I wonder how long it will be until English just sort of becomes first language in non-native English speaking countries with the current trajectory and momentum of English-first Llama.

Shame it couldn't be a more cohesive spoken language.

  • keybored 4 days ago

    It won’t happen except in the imagination of mono-lingual-future dreamers on HN (popular idea here for some reason).

    • altruios 4 days ago

      Well, speaking in different languages facilitates different modes of thinking which results in different thoughts. Some thoughts are easier to have in one language than another. It takes all sorts to make a world and multiple languages means a broader mental space to explore ideas.

      People against that tend to lean totalitarian. People for a monoculture, that is. That is an inherently limiting philosophy which can only die out as it narrows the 'acceptable ideas' list over time.

      • keybored 4 days ago

        > Well, speaking in different languages facilitates different modes of thinking

        Sapir-Whorf? Can’t that just be put to bed by now?

        > People against that tend to lean totalitarian. People for a monoculture, that is.

        On the topic of languages at least.

        Some technologists seem to want to get rid of all ostensibly useless things. More than one language being one of them.

    • Wytwwww 4 days ago

      Depends on the country probably. In some places, at least reasonably high English fluency is near universal. It wouldn't be surprising if these countries eventually became effectively bilingual.
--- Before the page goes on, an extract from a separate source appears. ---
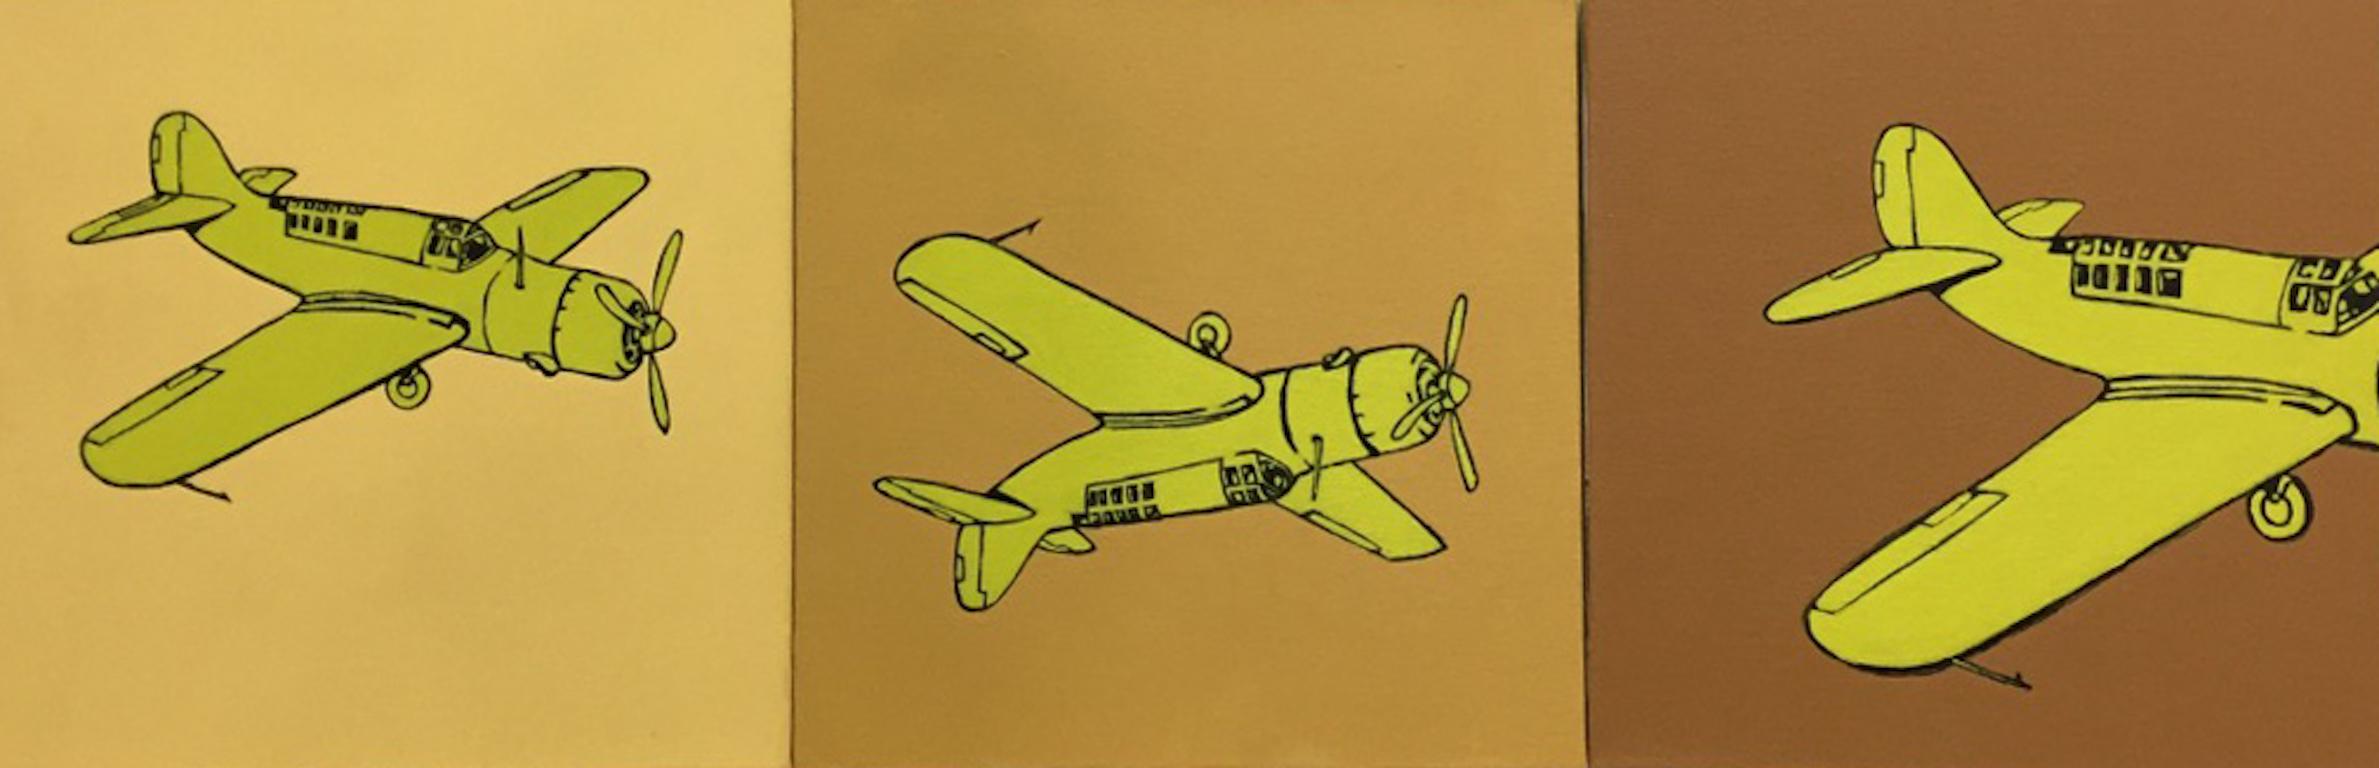 Airplane, gelbes Triptychon, Pop-Art-Stil

      • keybored 4 days ago

        That’s different. GP said “first language”…

    • darby_nine 4 days ago

      Eh it'll probably be the de-facto public/professional/transactional register and people will speak another language at home.

      • keybored 4 days ago

        Based on what? Again we’re just throwing eventualities out there with no basis in current reality.

        People are pretty good at understanding English in Norway. But the only factor that introduces English into the conversation is when someone does not speak Norwegian. In my experience.

        People are extrapolating from the fact that people use English-borrowed slang to these far-fetched scenarios. Yeah? Slang and words have always been borrowed. Not even medical doctors speak Latin to each other.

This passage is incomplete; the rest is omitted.